This becomes more apparent with one more example. Let's take the numbers 1, 2, and 4 (all powers of two)
0001 | 0010 | 0100 = 0111
This is the same result as 5 | 3! But since the original numbers are powers of two, we can tell uniquely where each bit came from.
The key is remembering that each one of those values you merge into "options" is really just a number. I'm not sure how familiar you are with binary, but you can think of it in decimal and just add numbers rather than ORing them.
Let's say A=10, B=100, and C=1000
If you wanted to set options = A+B, then options would equal 110. The method you called would then look at the "tens" place for A, the "hundreds" place for B, and the "thousands" place for C. In this example, there is a 1 is the hundreds place and the tens place, so the method would know that A and B were set in the options.

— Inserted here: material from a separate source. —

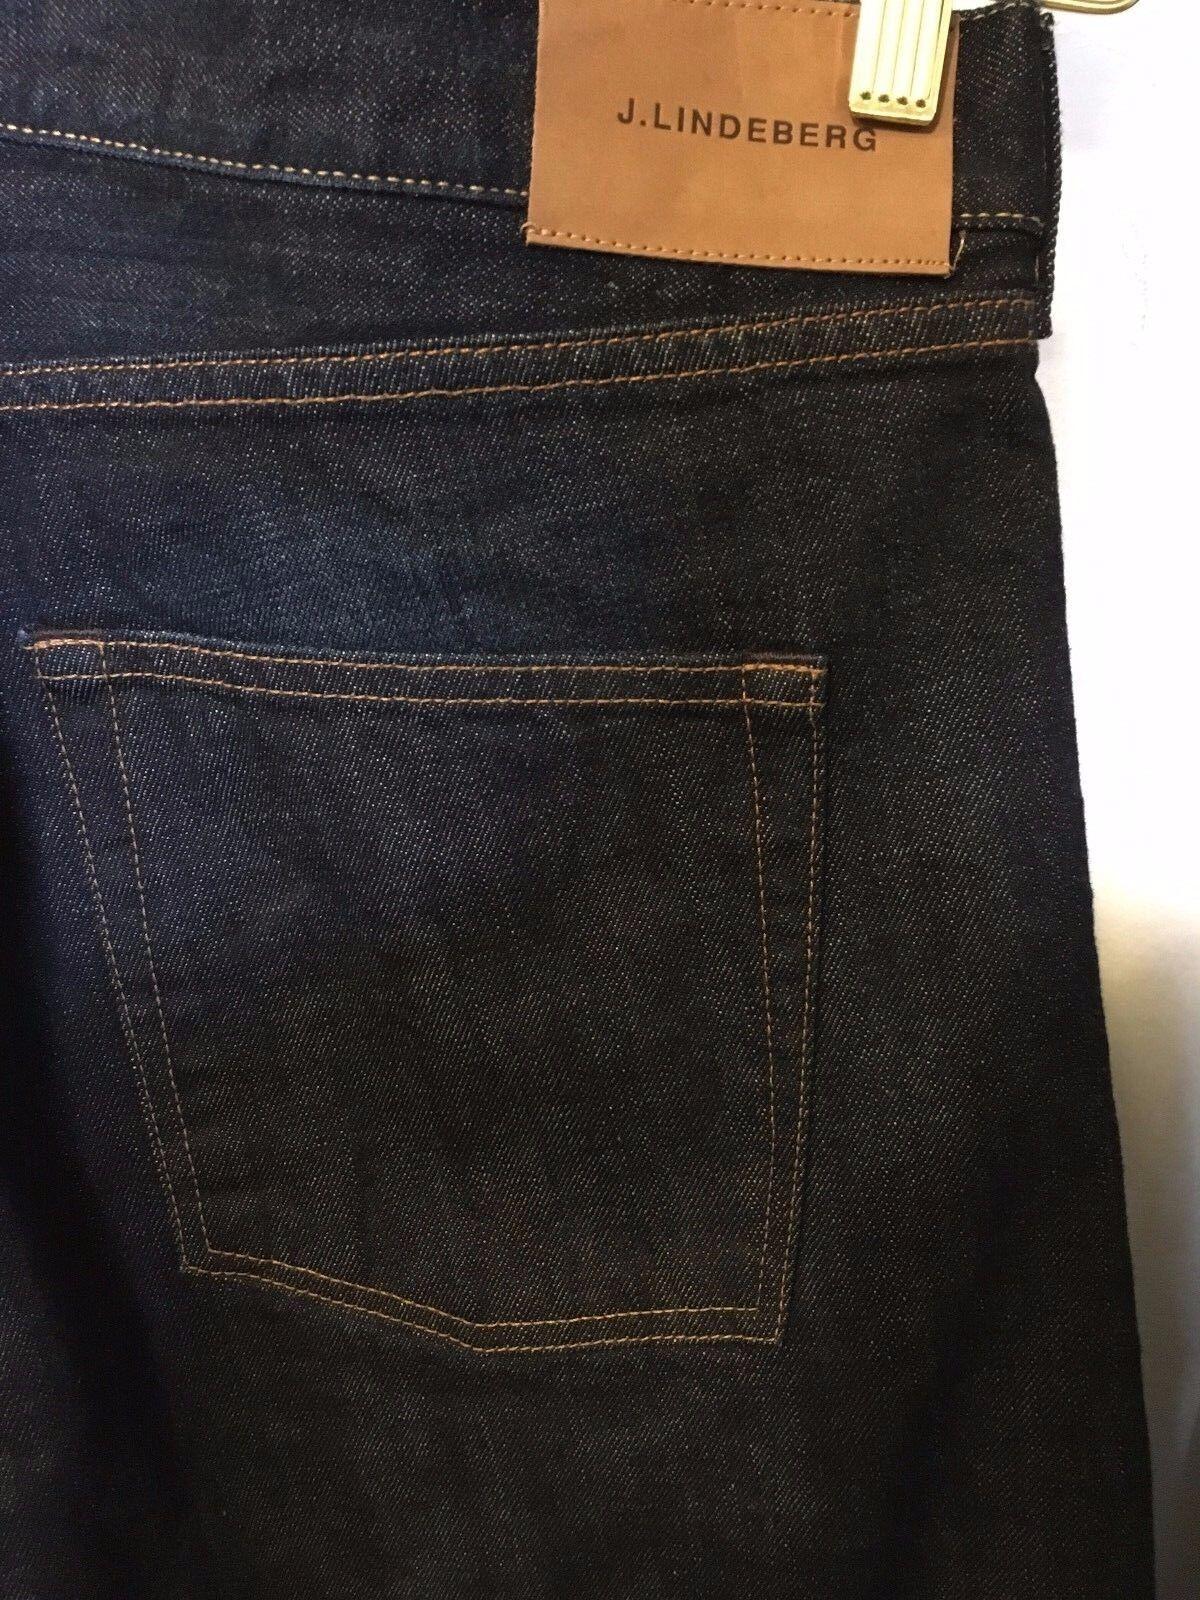 J. Lindeberg men's jeans rinse dark bluee straight Slim fit denim size 38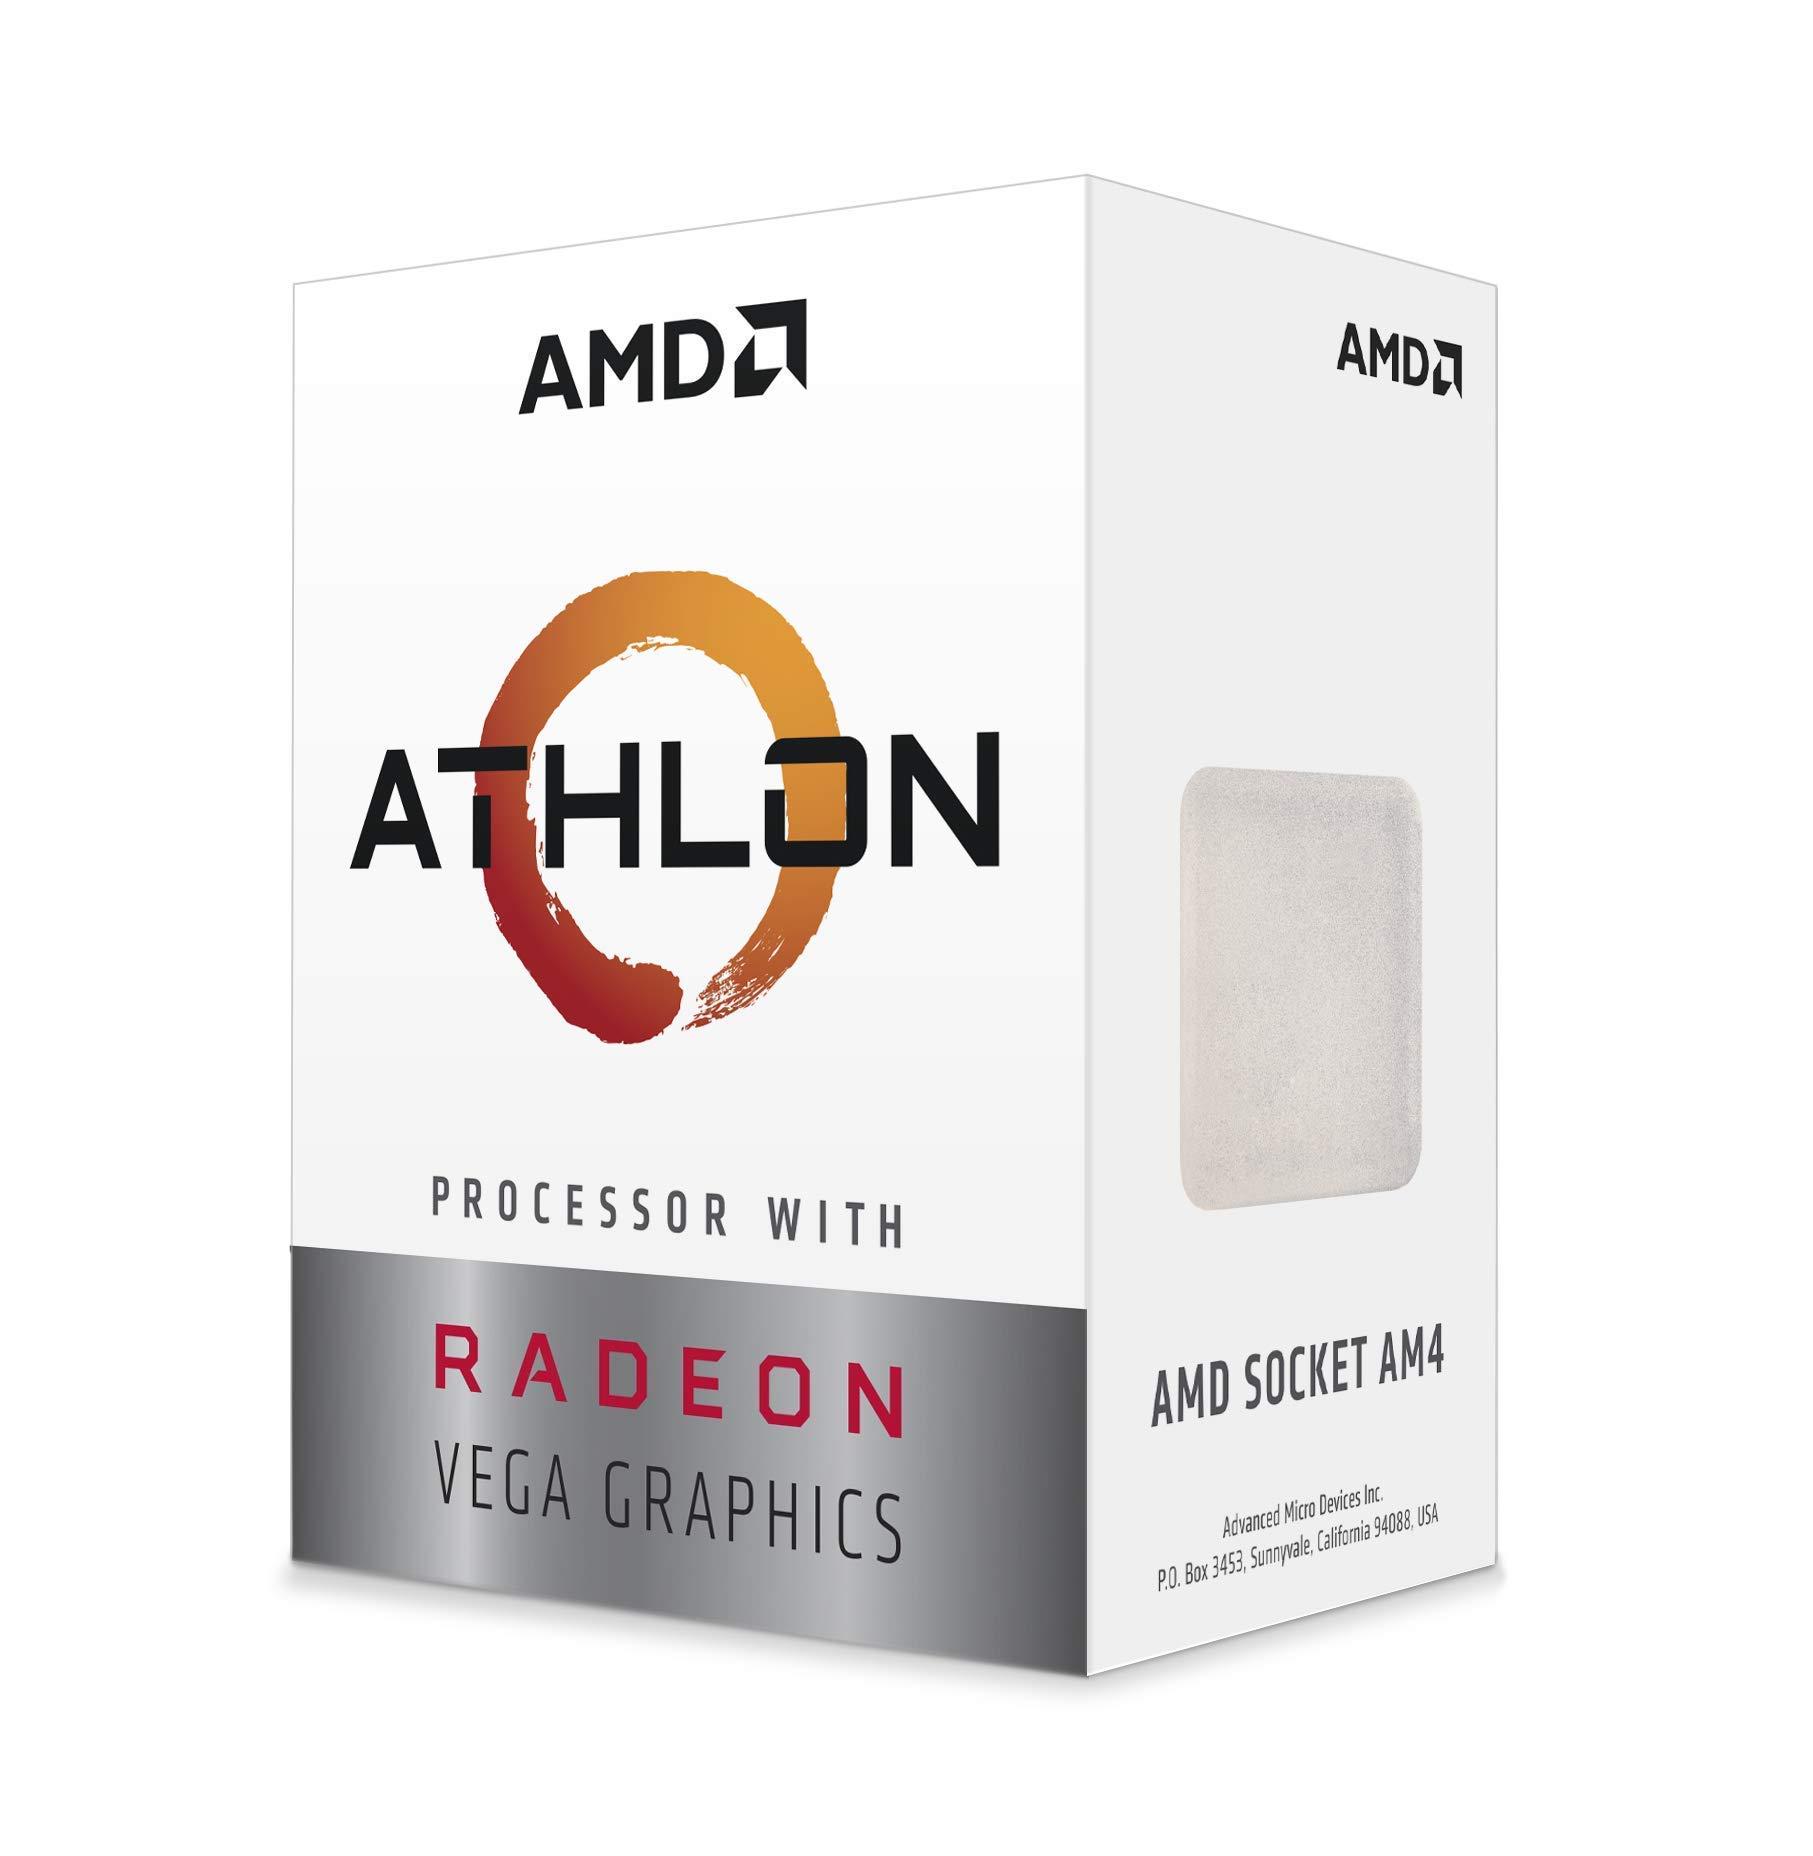 AMD Athlon 200GE 2-Core 4-Thread AM4 Socket Desktop Processor with Radeon Vega Graphics (YD200GC6FBBOX) by AMD

It's a little different since computers use binary not decimal, but I think the idea is very similar, and sometimes it's easier to think about it in a familiar numbering system.
typedef NS_OPTIONS(NSUInteger, MyOption)
{
OptionNone = 0,
OptionOne = 1 << 0,
OptionTwo = 1 << 1,
OptionThree = 1 << 2
};
if (givenValue & OptionOne) {
// bit one is selected
}
if (givenValue & OptionTwo) {
// bit two is selected
}
http://en.wikipedia.org/wiki/Mask_(computing)
I've found Calculator.app to be helpful in visualizing bit masks. (Just choose View > Programmer, and then click the button to Show Binary). (You can click on any of the 0s or 1s in the binary table to switch those bits on or off; or, enter numbers in decimal or hex (use the 8 | 10 | 16 NSSegmentedControl to switch between different representations)).